Title: A O(log log (rank) ) - competitive algorithm for the matroid secretary problem
| Speaker: | David Aleman |
| Affiliation: | University of Waterloo |
| Location: | MC 6029 |
Abstract: In the Matroid Secretary problem the weighted elements of a matroid arrive one by one in a uniformly random order where an online algorithm observes the value of the element and must make an irrevocable decision of whether or not to include the element in its solution before the arrival of the next element. The goal is to maximize the total value of the chosen elements under the condition that they must constitute an independent set.
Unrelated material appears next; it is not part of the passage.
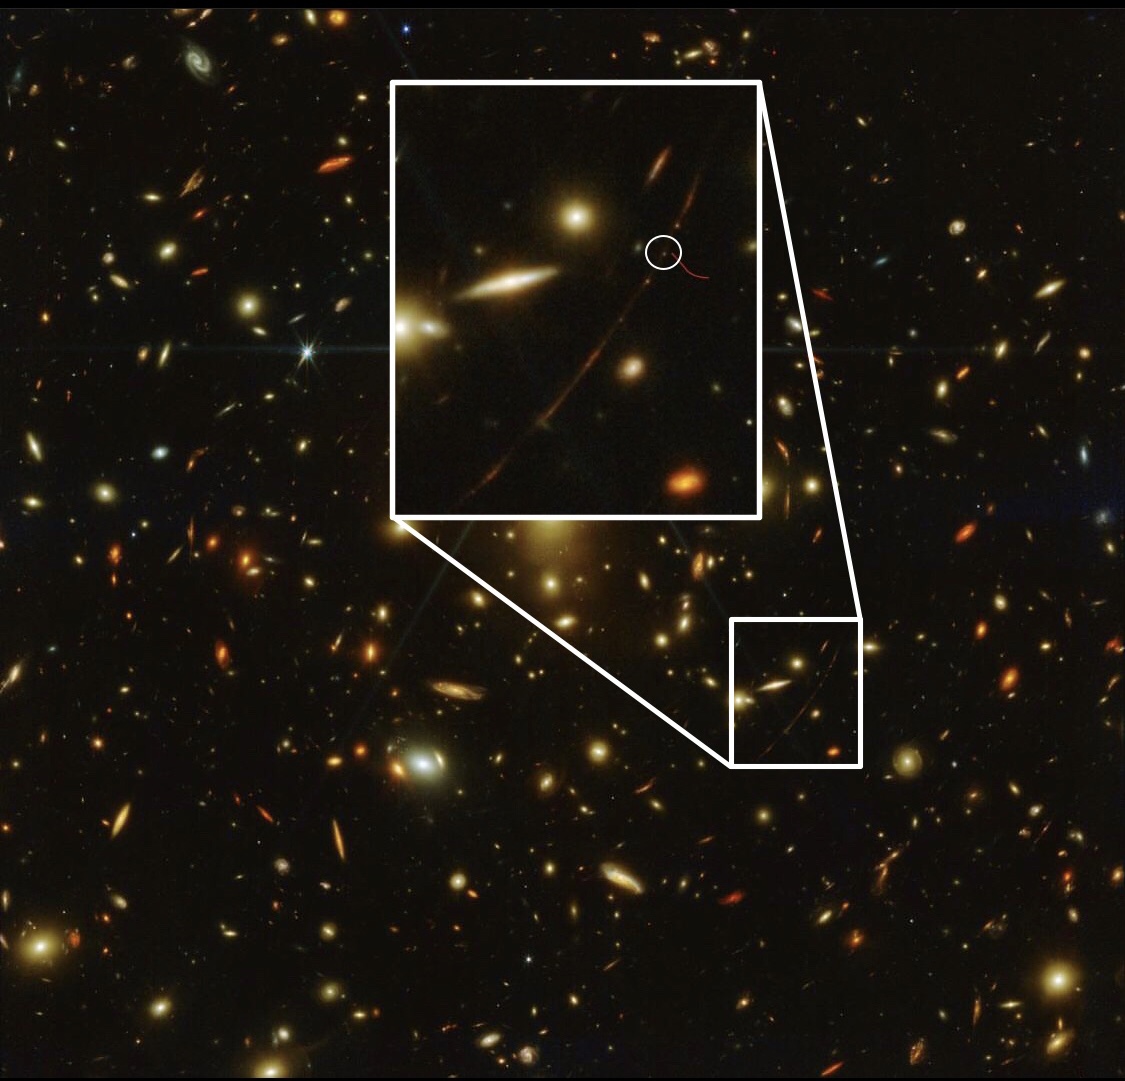 Хотя некоторые люди могут подумать, что Эарендель — это яркая остроконечная звезда на недавней фотографии, это не так, и вот ее фактическое местоположение. Кредиты: НАСА, ЕКА, CSA, STScI.

Other than knowing the cardinality of the ground set and having access to an independence oracle, the algorithm has no further information about the matroid.
We say that an algorithm is c-competitive if the expected weight of the independent set returned by the algorithm is at least OPT/c, where OPT denotes the weight of the offline optimum.
The Secretary Problem Conjecture, stated by Babaioff, Immorlica and Kleinberg, states in its weak form that there exists an algorithm for the matroid secretary problem with a constant competitive ratio, and in its stronger form it states that this competitive ratio is e, matching the optimal competitiveness of the classical secretary problem. Despite numerous attempts by the CS community, the conjecture remains unsolved.
In this talk we review a O(log log(rank) ) - competitive algorithm due to Feldman, Svensson and Zenlkusen, where rank denotes the rank of the given matroid.